-w8.3.9 int 1/(x^2 (1+x^2)) dx

[karush]

Whitman 8.3.9
$$\displaystyle
\int\frac{1 }{{x}^{2}\left(1+{x}^{2}\right)} \ dx
=-\arctan\left({x}\right)-\frac{1}{x}+C $$
Expand
$$\displaystyle
\int\frac{1}{{x}^{2}}\ dx
-\int \frac{1}{{x}^{2}+1}dx $$

Solving
$$\displaystyle
\int\frac{1}{{x}^{2}}\ dx =-\frac{1}{x}+C$$
Solving
$$x=\tan\left({u}\right) \ \ \ \ dx=\sec^2 \left({u}\right)\ du $$
$$\displaystyle -\int \frac{1}{{x}^{2}+1}dx
=-\int \frac{1}{\tan^2{u} +1}\sec^2 \left({u}\right)\ du
=\int 1 \ du
=u=-\arctan\left({x}\right)$$
Then...
$$\displaystyle -\arctan\left({x}\right)-\frac{1}{x}+C $$

 

[Greg]

You dropped a minus sign.
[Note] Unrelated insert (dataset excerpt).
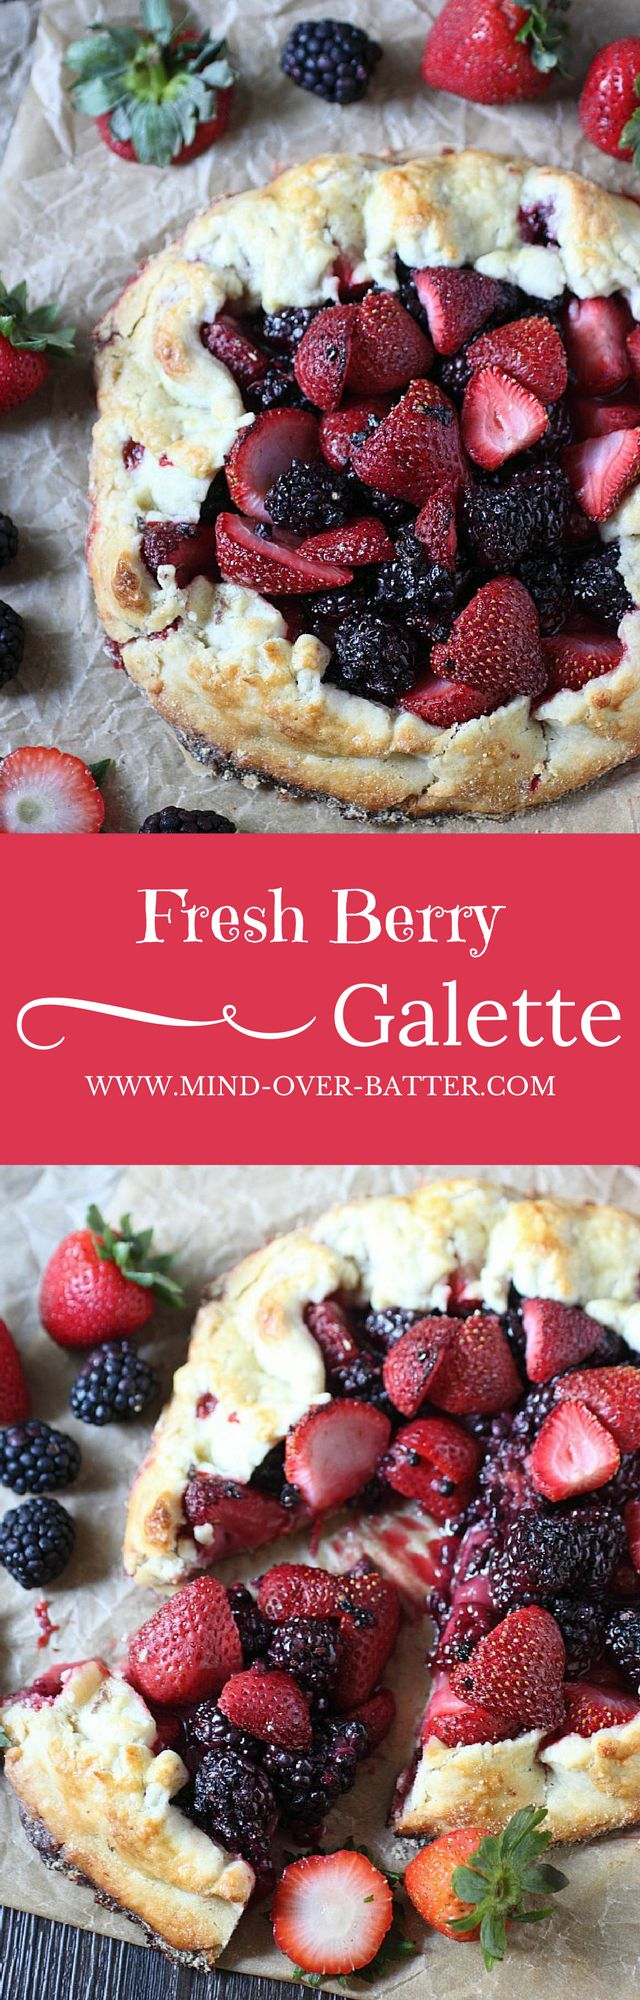 Fresh Berry Galette --- www.mind-over-batter.com

Other than that it looks good.

 

[Prove It]

Whitman 8.3.9
$$\displaystyle
\int\frac{1 }{{x}^{2}\left(1+{x}^{2}\right)} \ dx
=-\arctan\left({x}\right)-\frac{1}{x}+C $$
Expand
$$\displaystyle
\int\frac{1}{{x}^{2}}\ dx
-\int \frac{1}{{x}^{2}+1}dx $$

I'm assuming you used Partial Fractions to do this...

Solving
$$\displaystyle
\int\frac{1}{{x}^{2}}\ dx =-\frac{1}{x}+C$$
Solving
$$x=\tan\left({u}\right) \ \ \ \ dx=\sec^2 \left({u}\right)\ du $$
$$\displaystyle -\int \frac{1}{{x}^{2}+1}dx
=-\int \frac{1}{\tan^2{u} +1}\sec^2 \left({u}\right)\ du
=\int 1 \ du
=u=-\arctan\left({x}\right)$$
Then...
$$\displaystyle -\arctan\left({x}\right)-\frac{1}{x}+C $$

This is correct, well done :)

 

[karush]

Actually I used the expand function on the TI-Nspire